■ Input data
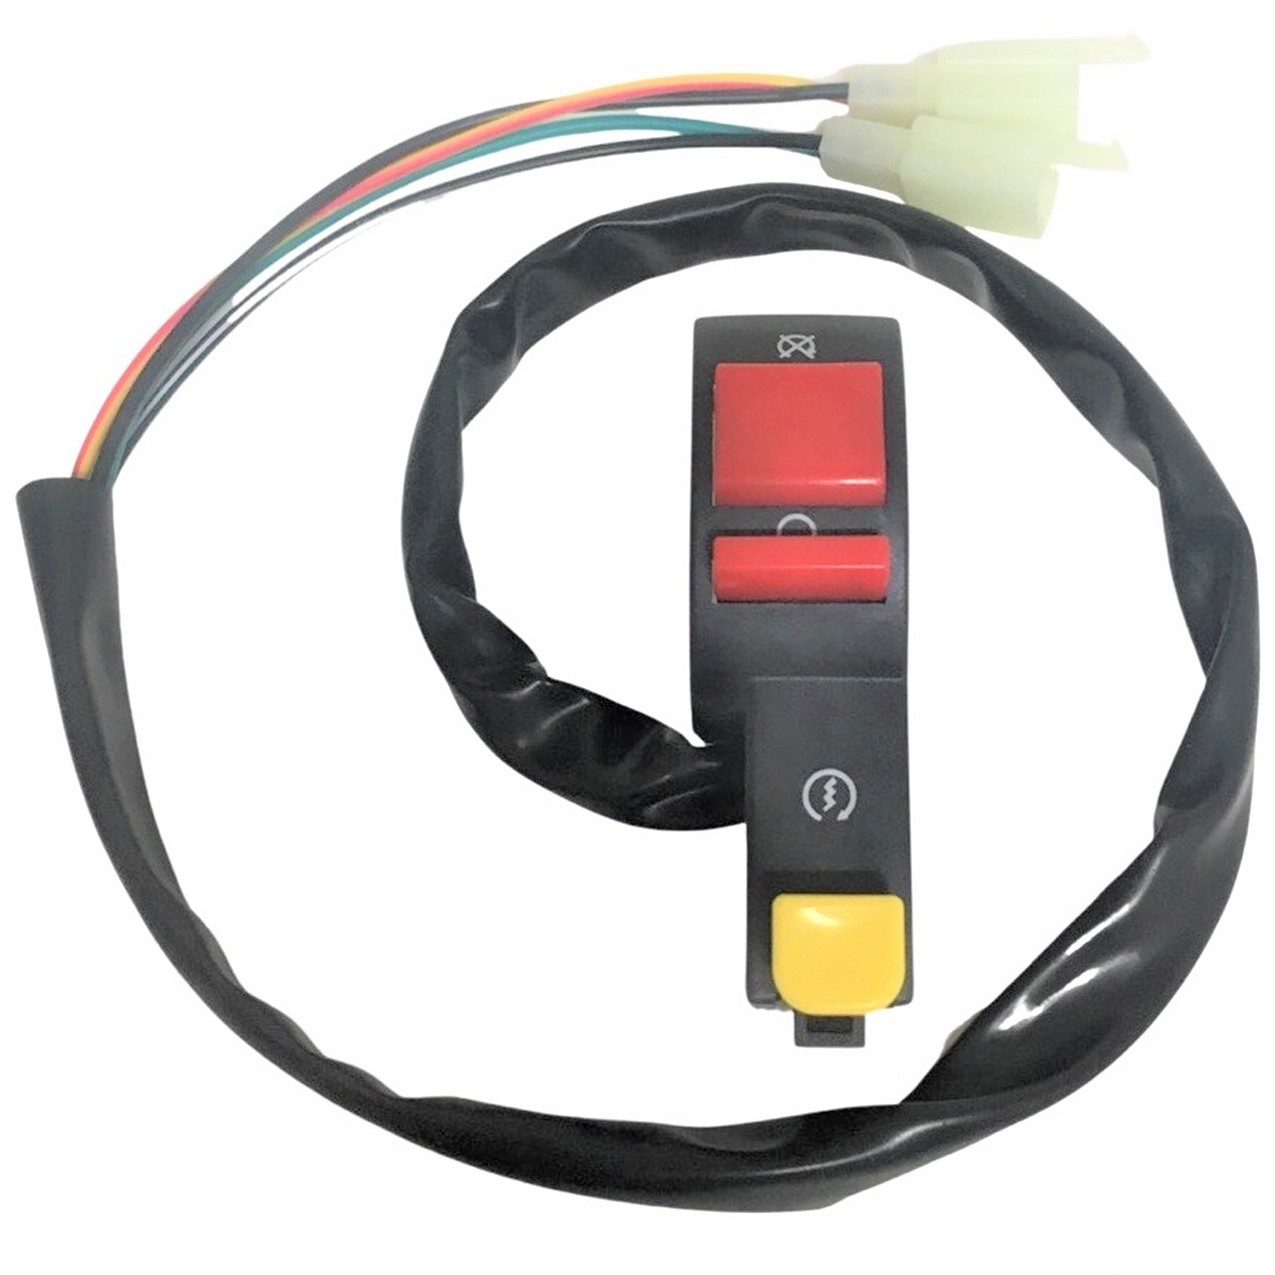 Kill Switch with Electric Start Button 2 Wire Female Jack + 2 Wire Female Jack. Fits Many Dirt Bikes and ATV's - Click Image to Close
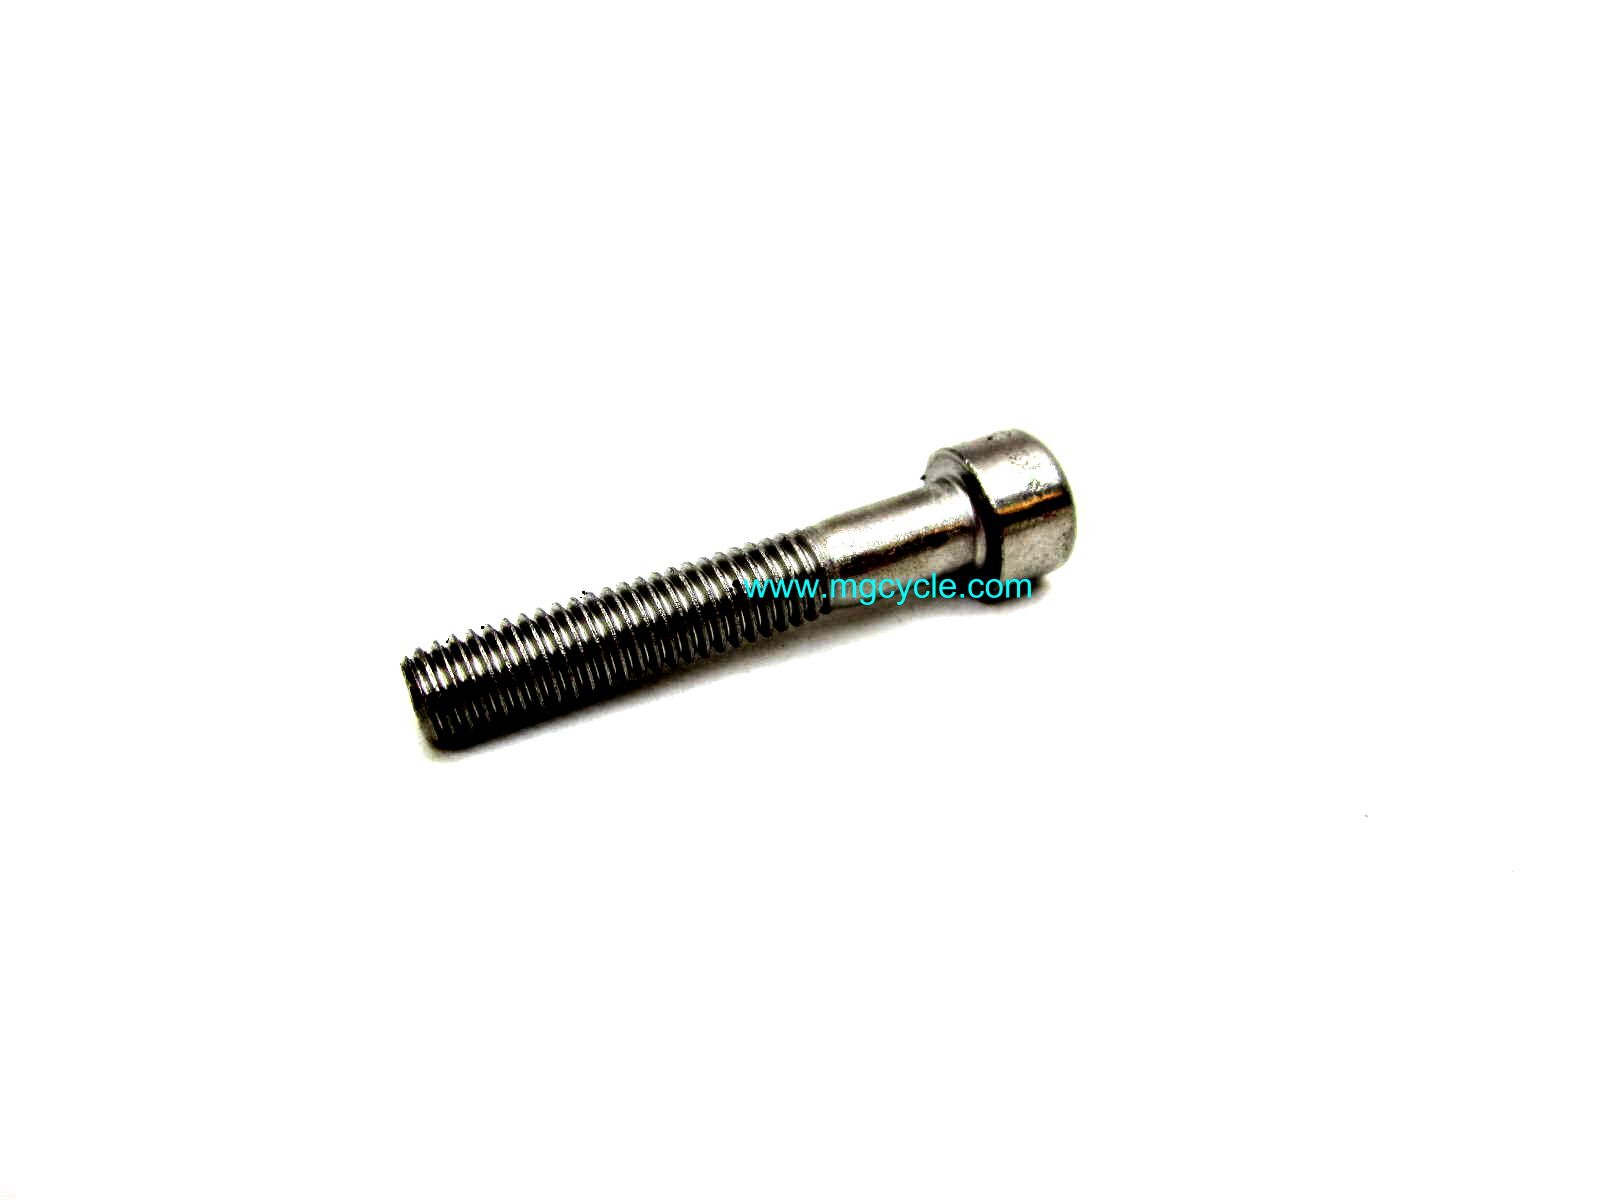 M6 allen head bolt, stainless steel, 35mm long - Click Image to Close
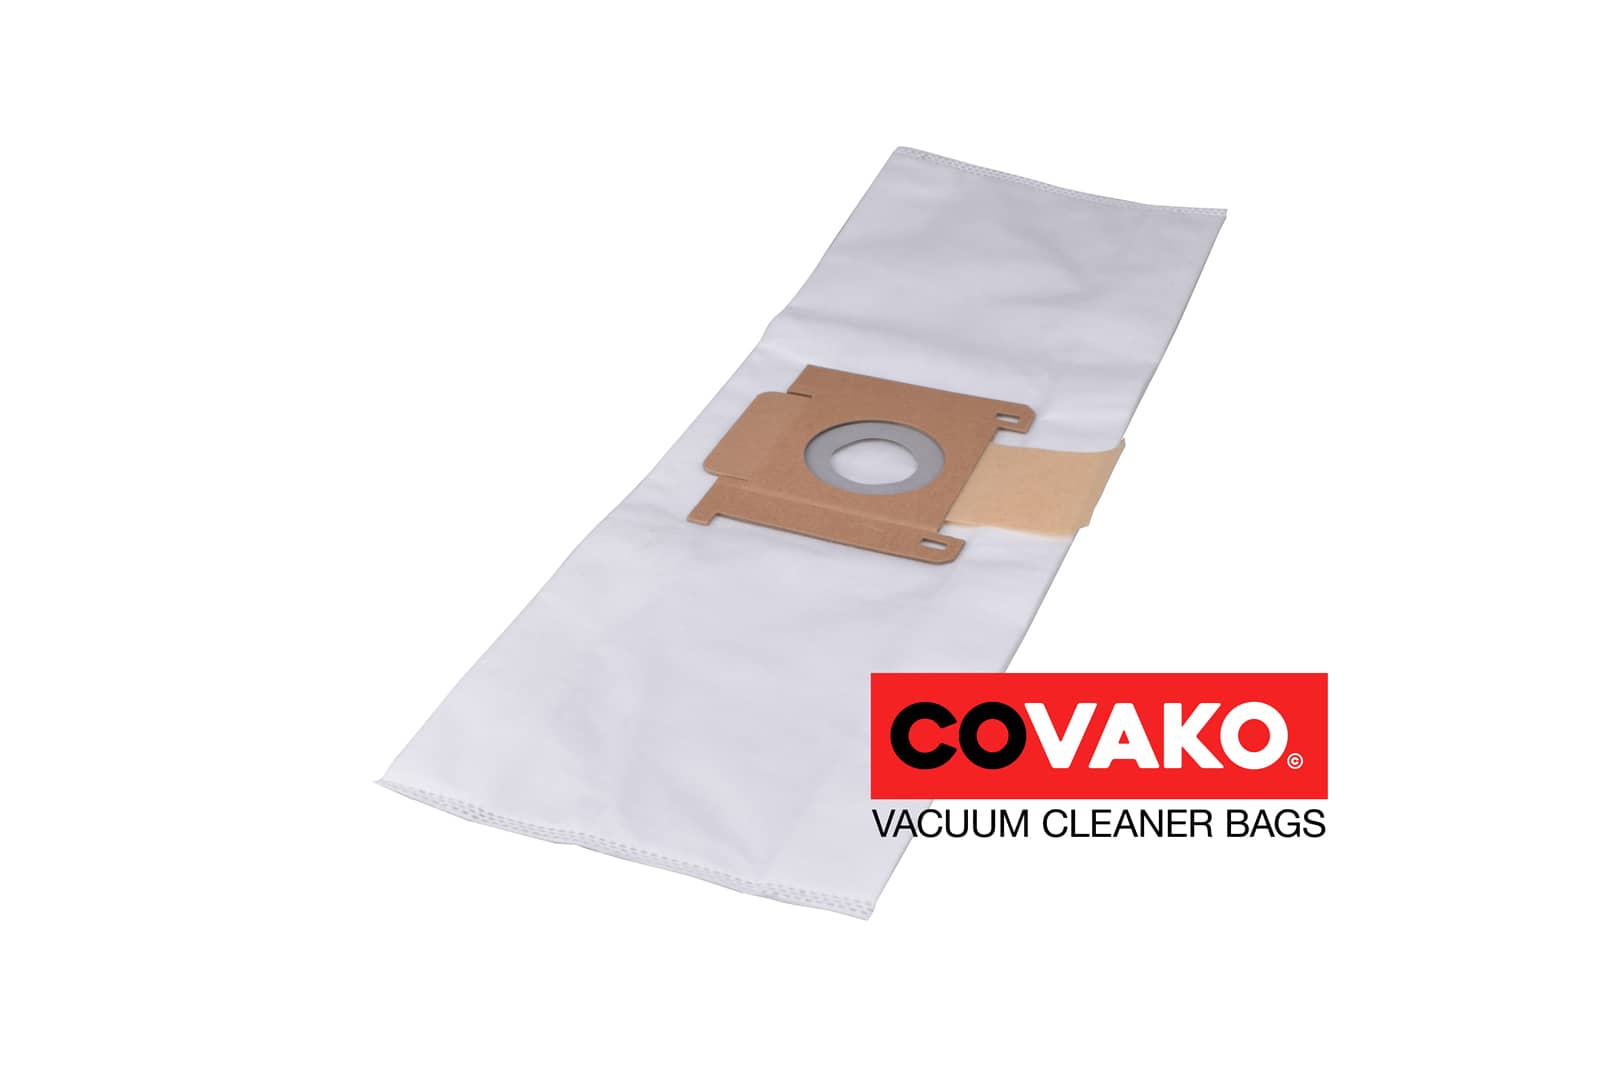 Ivac i-vac C6 / Synthesis - Ivac vacuum cleaner bags

■ Task goal
Print only the lines from the line that contains "M6 allen head" to the final line of the data, inclusive. Pictures stay out.

■ Exercise answer
 M6 allen head bolt, stainless steel, 35mm long - Click Image to Close
 Ivac i-vac C6 / Synthesis - Ivac vacuum cleaner bags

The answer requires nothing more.